A treemap representation of the mechanisms of action (MOA) of all high-quality actives from the annotated library compounds screened. Box size represents the total number of compounds representing each MOA (bigger box size indicates more compounds present in the high-quality actives). Color represents the average AUC from the cytotoxicity screen in four normal cell lines (darker red indicates a lower AUC meaning a more potent and efficacious hits). 1 = Lineage specific differentiation; 2 = RNA polymerase; 3 = Immuno-suppressant.

Figure 4.

a) Enrichment analysis of active agents in each drug category. Enrichment ratio = the number of actives/the total number of drugs in each drug category. b) Dose-response curves for delanzomib, a representative proteasome inhibitor, in cytotoxicity screens. EC₅₀ HEK 293 = 148 nM, EC₅₀ NIH 3T3 = 82 nM, EC₅₀ CRL-7250 = 205 nM, EC₅₀ HaCat = 326 nM, EC₅₀ KB 3–1 = 186nM. c) A radar plot displaying Log EC₅₀ of all active proteasome inhibitors in four normal cell lines. d) Dose-response curves for TC-S7004, a potent and selective DYRK1A/B inhibitor, in cytotoxicity screens, including KB 3–1 cells. EC₅₀ KB 3–1 = 3.2 μM. e) Dose-response curves for LDN-212854, an ALK2 inhibitor, in cytotoxicity screens, including KB 3–1 cells. EC₅₀ HEK 293 = 16.4 μM, EC₅₀ KB 3–1 = 4.1 μM.

Figure 5.

a-b) Pie chart distribution of high-quality actives (orange), low-quality actives (yellow), and inactives (green) identified from the qHTS against diversity collection compound library in NIH 3T3 and HEK 293 cell line, respectively. c) Compound overlapping Venn diagram for NIH 3T3 and HEK 293 cell lines. Number of high-quality actives in each cell line was calculated and number of compounds overlapped were labeled. d) The comparison of AUC values of 588 cherry-picked compounds in HEK 293, NIH 3T3 and KB 3–1 cell lines. In the heat map each row corresponds to a compound and a column to a cell line. Darker red color indicates more potent and efficacious compound.

Figure 6.

a) Dose-response curves for NCGC00413522 in cytotoxicity screens, luciferase inhibition assay and CellTiter-Glo luciferase assay.

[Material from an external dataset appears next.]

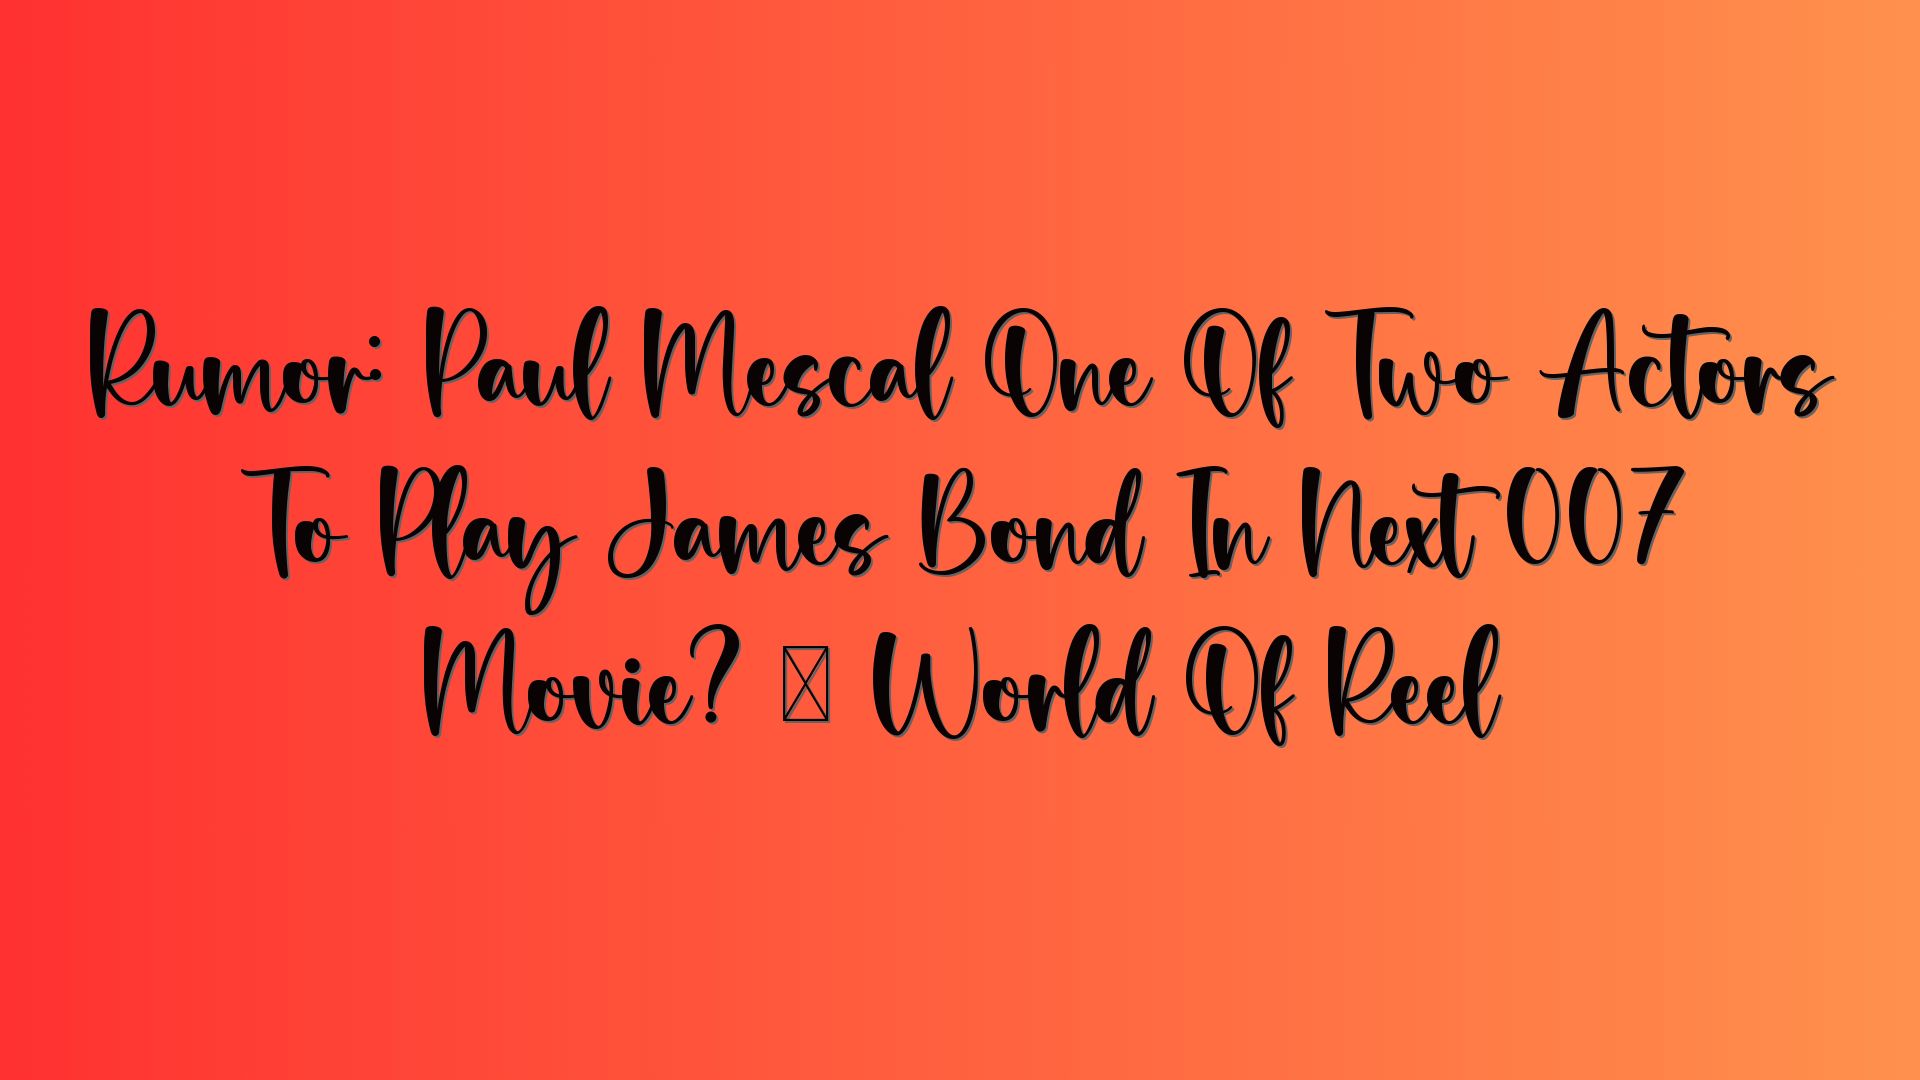 Rumor: Paul Mescal One Of Two Actors To Play James Bond In Next 007 Movie? — World Of Reel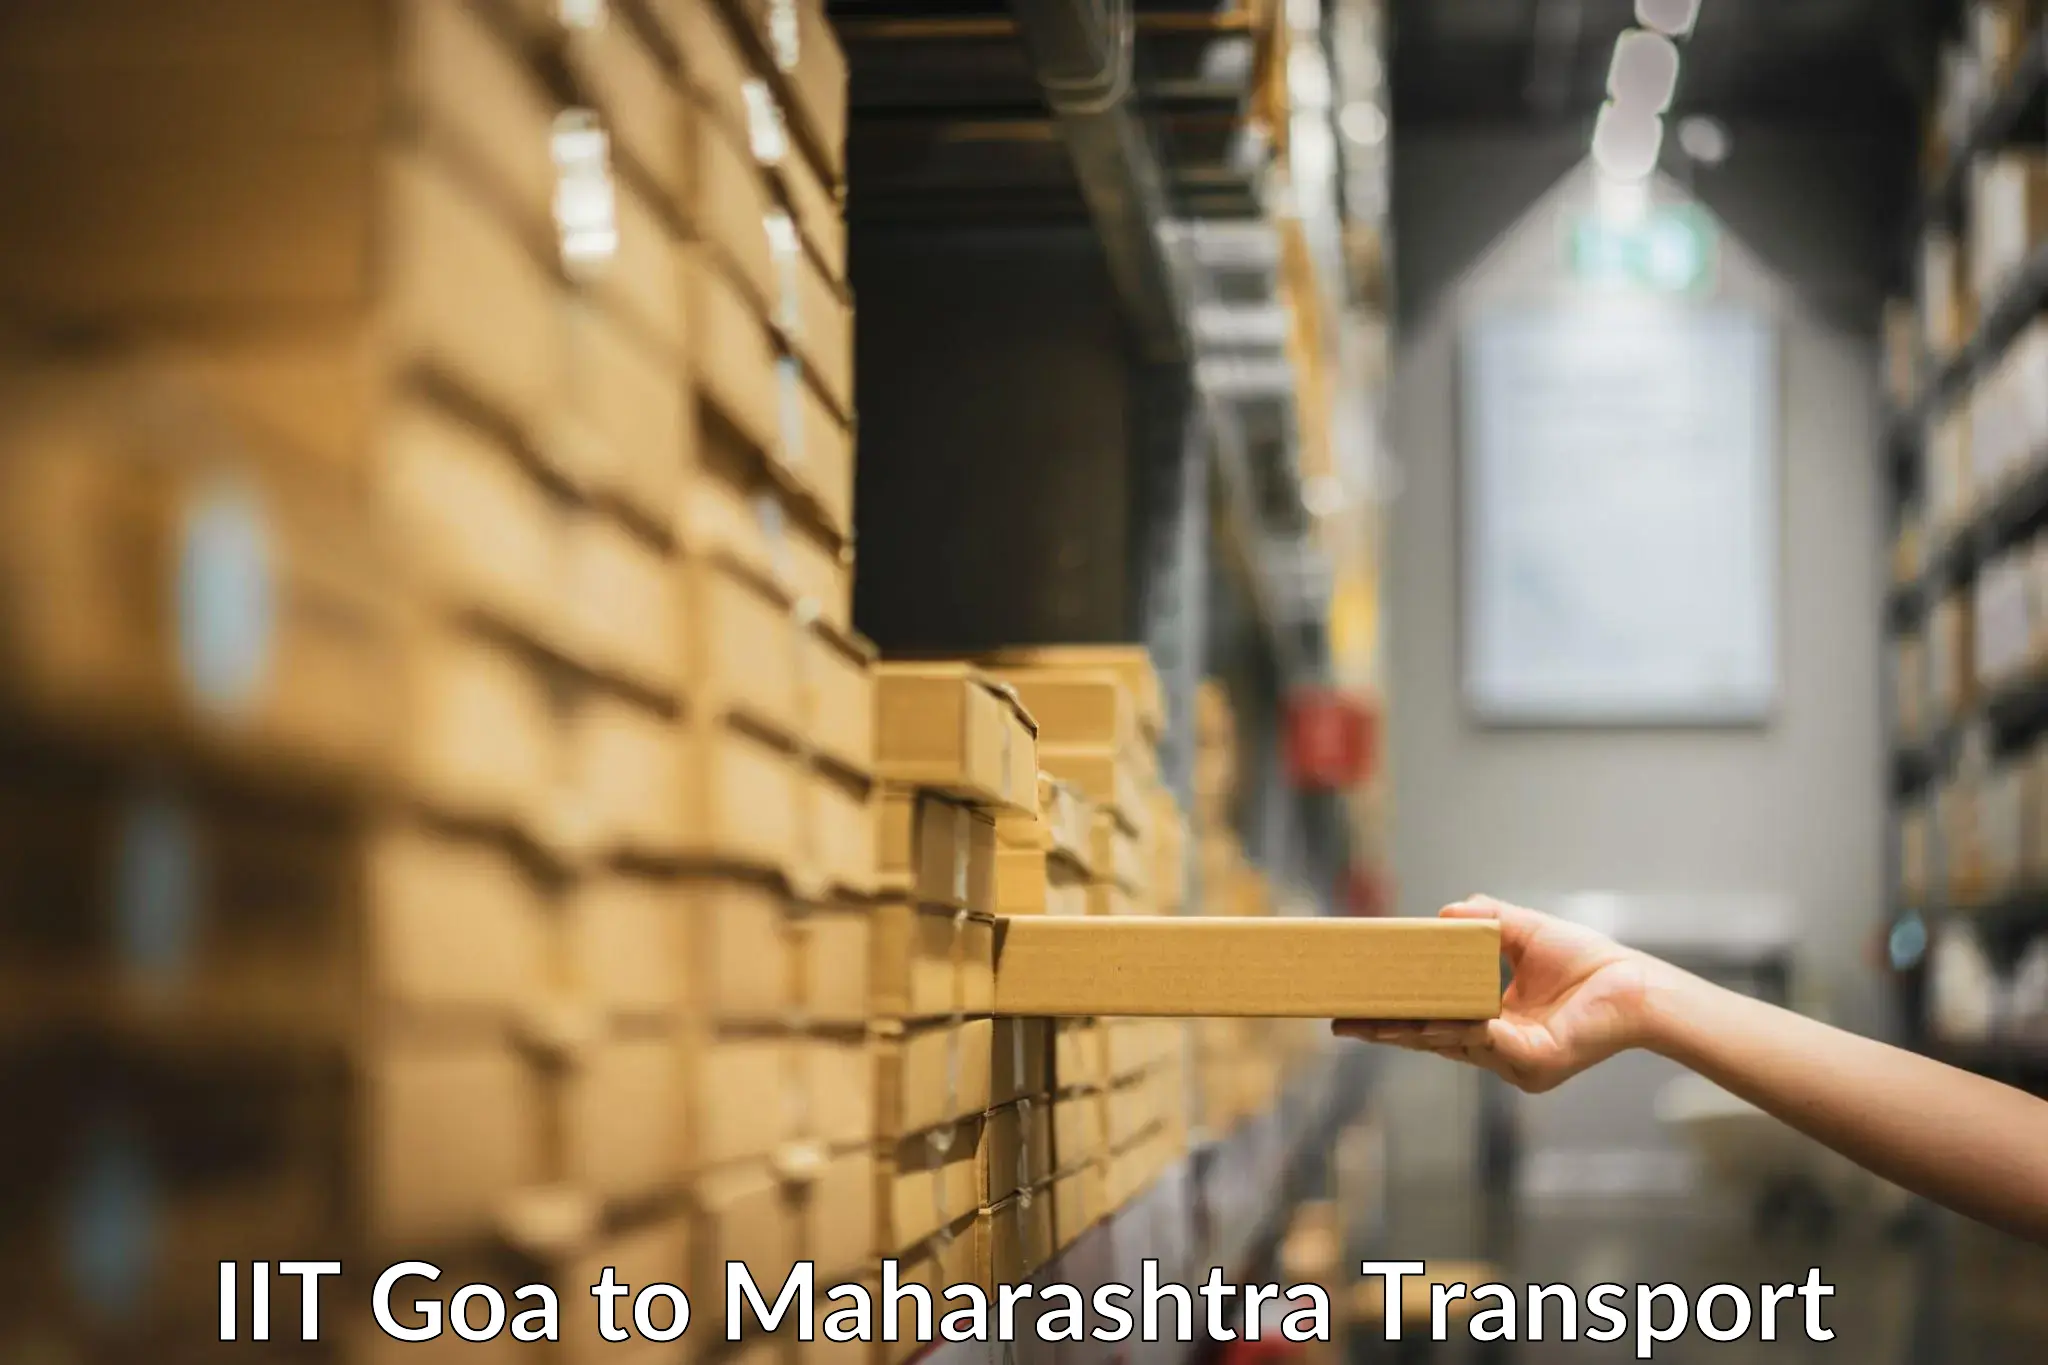 Transport in sharing in IIT Goa to Thane

EC₅₀ HEK 293 = 8.1 μM, EC₅₀ NIH 3T3 = 9.1 μM, EC₅₀ KB 3–1 = 8.1 μM. EC₅₀ Luciferase = 0.89 μM. EC₅₀ CTG Luciferase = 26.6 μM. b) Dose-response curves for NCGC00413607 in cytotoxicity screens, luciferase inhibition assay and CellTiter-Glo luciferase assay. EC₅₀ HEK 293 = 3.2 μM, EC₅₀ NIH 3T3 = 2.3 μM, EC₅₀ KB 3–1 = 2.3 μM. EC₅₀ Luciferase = 0.08 μM. EC₅₀ CTG Luciferase = 7.3 μM. c) Representative bright field images of HEK293 cells after 48 hr treatment.